In both, the Court split along the same ideological lines, with the four progressive Justices in dissent. The two opinions read almost as twins: both have dissents written by Justice Ginsburg; both shot down EEOC interpretations of the statute, rejecting them as unpersuasive and thus not entitled to the deference normally due to agency rulings; and both ignored arguments by the Solicitor General, as well as by the parties.

 Of course, these decisions will also apply to lgbt plaintiffs, as well as all others, who sue under Title VII, often using a theory of sex discrimination to reach claims of discrimination based on sex stereotyping. Many of the lgbt cases brought under Title VII involve harassment. Title VII has become an increasingly important tool for lgbt employees who have been harassed or fired.

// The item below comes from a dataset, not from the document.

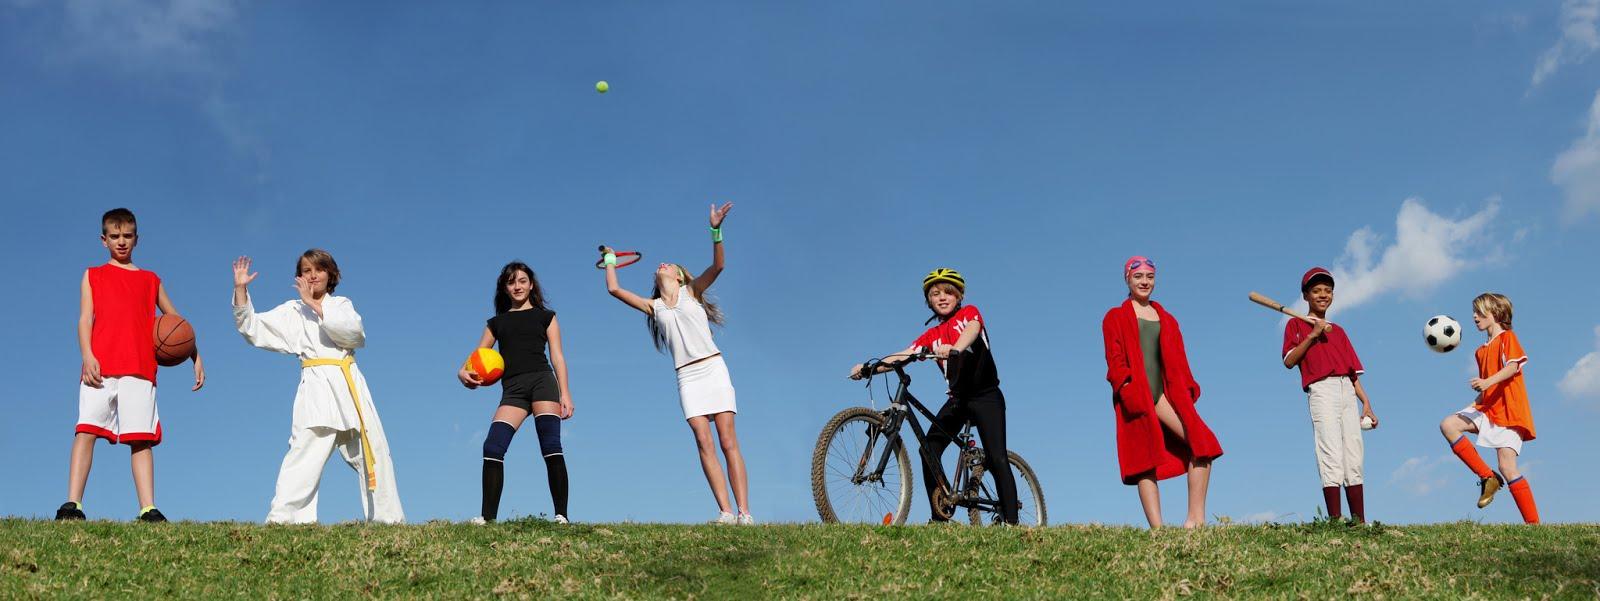 Sports - Deportes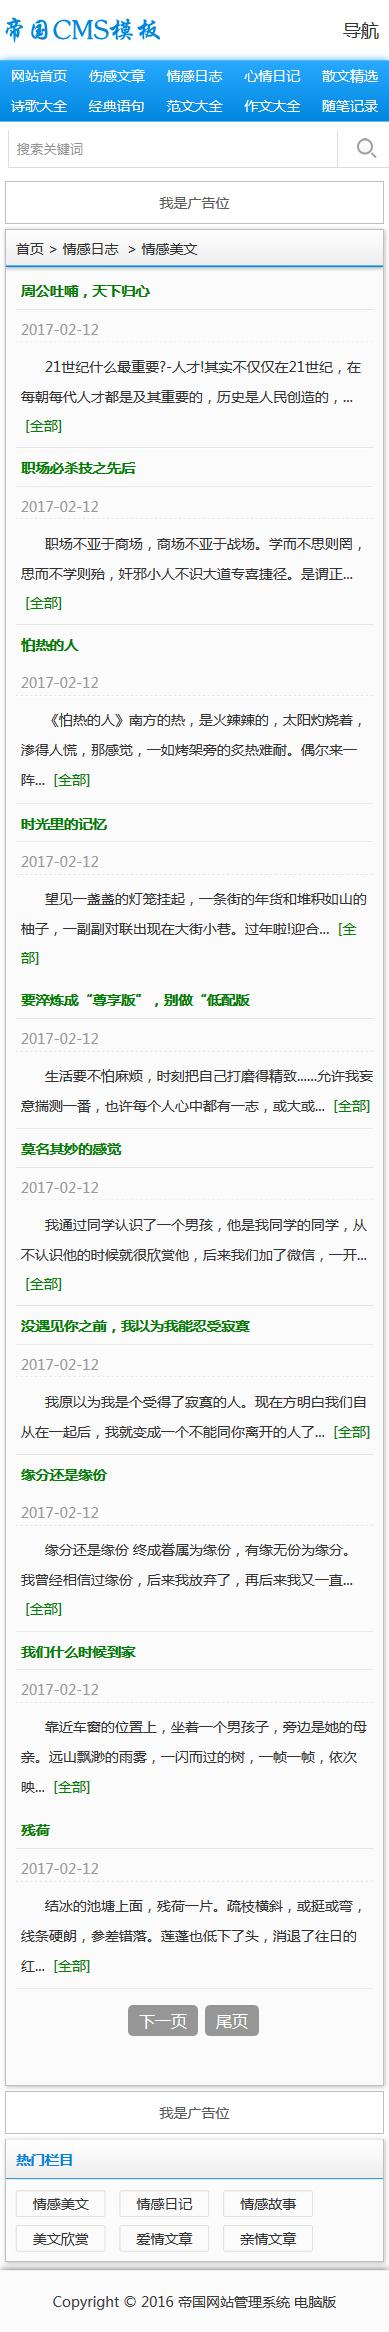 帝国cms蓝色新闻资讯文章模板加手机wap模板_手机版列表模板

As she did in the Lily Ledbetter case, Justice Ginsburg called on Congress to amend Title VII to reject these interpretations by clarifying the statute. The first test of support for her effort may come with ENDA. As drafted, ENDA would adopt existing procedural standards from Title VII cases to apply to sexual orientation and gender identity job discrimination claims. Senator Harkin has promised a hearing and mark-up on ENDA next month. If amendments are offered to counter today’s Supreme Court decisions, the ENDA debate may be even more interesting that we had anticipated.

The Court will announce more decisions tomorrow and likely later in the week also.  There are six cases remaining to be announced by the end of this week.